The task is to produce a report with following structure:
5pts
1) Introduction, problem/task description (you should choose at least one supervised learning task, provide description of target variable, rationale behind picking particular task and target), features explanation, dataset description
10pts
2) Cleaning and preprocessing data - removing or imputing missing data, standarization, one-hot encoding, handling outliers, feature extraction, merging categories etc. (some of these points may go to part 3 if EDA/exploration was the cause of particular action)
10pts
3) EDA (both graphical e.g. barplots, scatterplots and descriptive e.g. tables with statistics) with focus on exploring relations between features and target variable; include correlation matrix/heatmap between numerical variables; use one of the clustering (e.g. k-means, hierarchical clustering) or dimensionality reduction technique (e.g. PCA, t-SNE, UMAP) to derive additional insight from data
10pts
4) Create models (at least 3 distinct types of models) and tune hyperparameters for each model
10pts
5) Graphical (e.g. barplots of errors, ROC curves, residual graphs, etc.) and descriptive model assessment (comparing measures picked as performance criteria); remember to choose appropriate measure for the task - RMSE is measure for regression, not classification
5pts
6) Summary, short discussion on encountered problems, actions undertaken to solve them, possible shortcomings of used model/approach/data
Code and descriptions/comments should be in Jupyter or R Markdown notebook. Please send reports to [email protected] or [email protected] with following naming convention <index_number>_SLM_S2021_Report.< extension > before 08.06.2021r. EOD. You can use Python or R language for the report.

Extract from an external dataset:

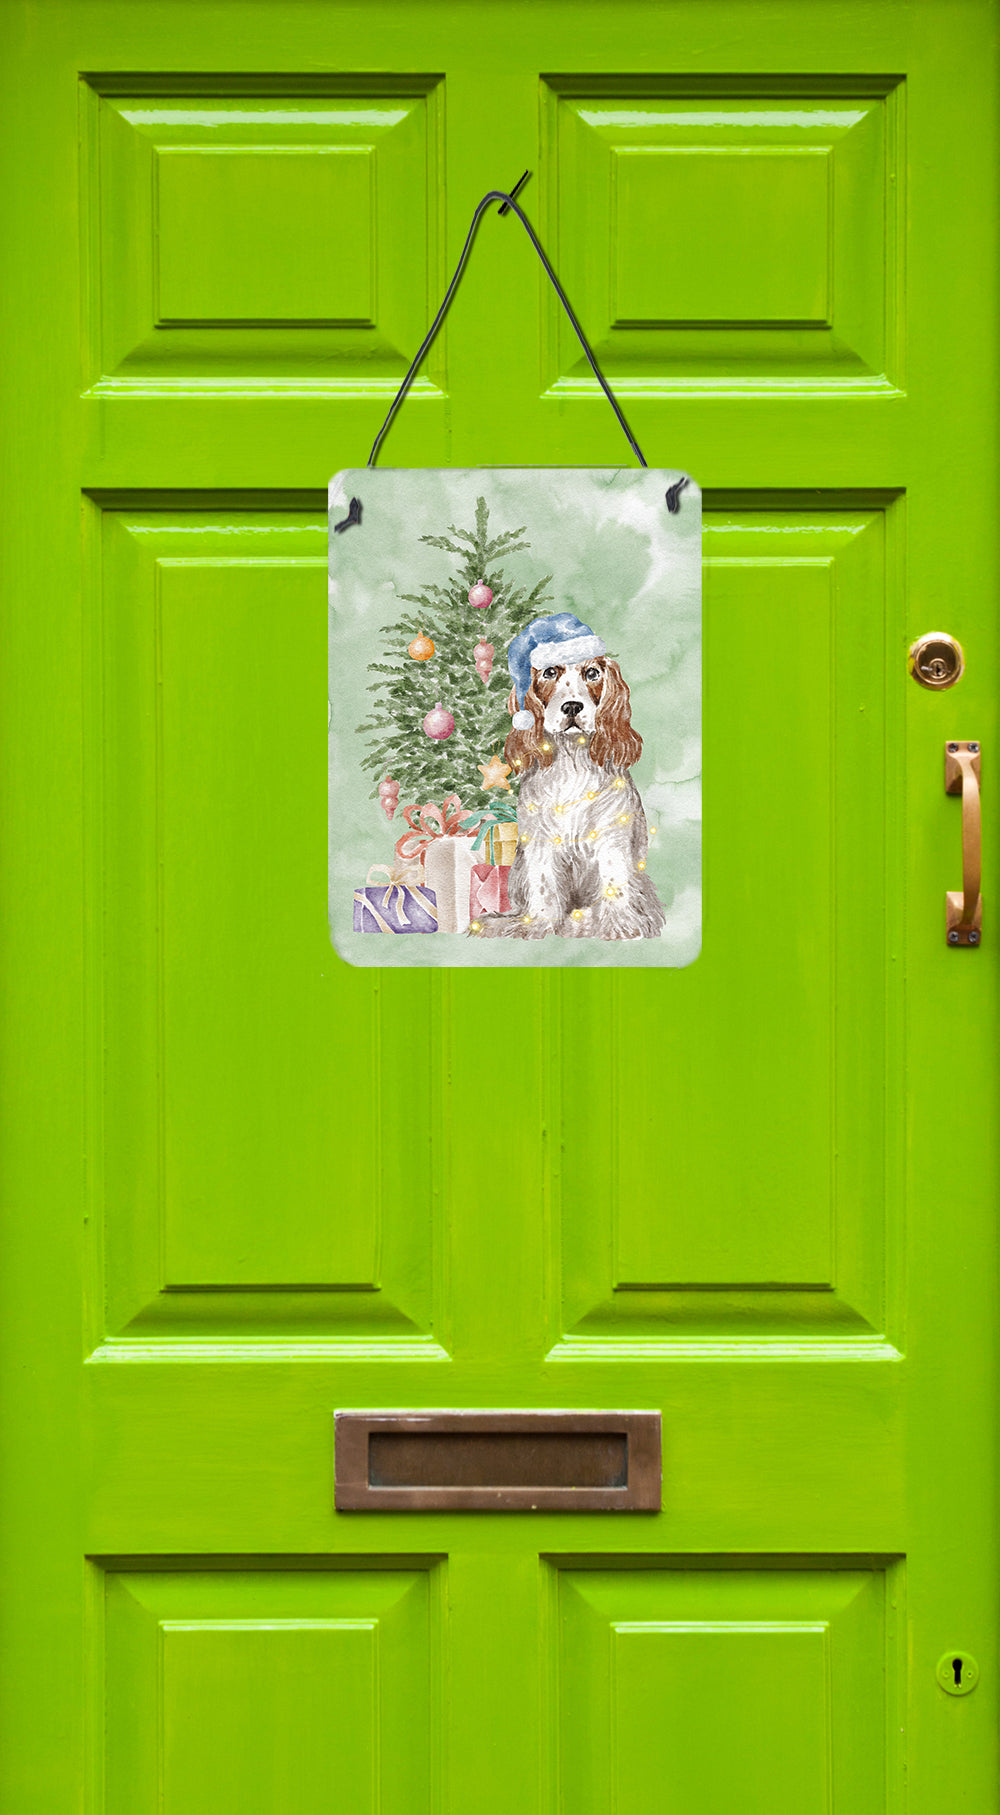 Buy this Christmas English Cocker Spaniel Red White Wall or Door Hanging Prints

Each email should have 2 attachments:
- for Jupyter:
.ipynb
file and.html/.pdf
file generated from notebook, - for R Markdown:
.Rmd
file and.html/.pdf
file generated from the script.
Contact
Name: Łukasz Kraiński
Email: [email protected] or [email protected]
You can contact me through MS Teams and schedule consultation if needed. You can create an issue in the repository if you have remarks regarding repository content/structure.
Lecturers
- lecturer: Bogumił Kamiński
- laboratories:
- Groups 1 and 2 – Łukasz Kraiński
- Group 3 – Michał Kot
Schedule
-
lectures: Tuesdays, 8:00-10:35
-
laboratories: every second Tuesday (check USOS schedule for your group for details)
Lectures
Date | Subject |
---|---|
2021-02-23 | Introduction to statistical learning |
2021-03-02 | Working with Git and GitHub |
2021-03-09 | Introduction to building prediction models |
2021-03-16 | Methods of evaluation of classifiers |
2021-03-23 | Regularization methods |
2021-03-30 | Local models |
2021-04-13 | Modeling causality |
2021-04-20 | Introduction to deep learning |
2021-04-27 | Machine learning use case (in cooperation with McKinsey) |
2021-05-04 | AutoML |
2021-05-11 | Introduction to the Julia language for data science |
2021-05-18 | Working with data in the Julia language |
2021-05-25 | Parallelizing computations with the Julia language |
2021-06-01 | Introduction to graph mining |
2021-06-08 | Explainable machine learning |
Laboratories
# | Subject |
---|---|
1 | Refresher on R and Python programming |
2 | Methods of evaluation of classifiers |
3 | Nonparametric regression models: smoothing spline, LOESS, GAM |
4 | Classical machine learning models: CART, random forest |
5 | Bayesian networks and probabilistic programming |
6 | Deep Learning example + Dockerization |
7 | Modeling competition |
8 | Computer exam |
Literature
Materials distributed on MS Teams
Mykel J. Kochenderfer, Tim A. Wheeler, And Kyle H. Wray (2022), Algorithms for Decision Making (https://algorithmsbook.com/)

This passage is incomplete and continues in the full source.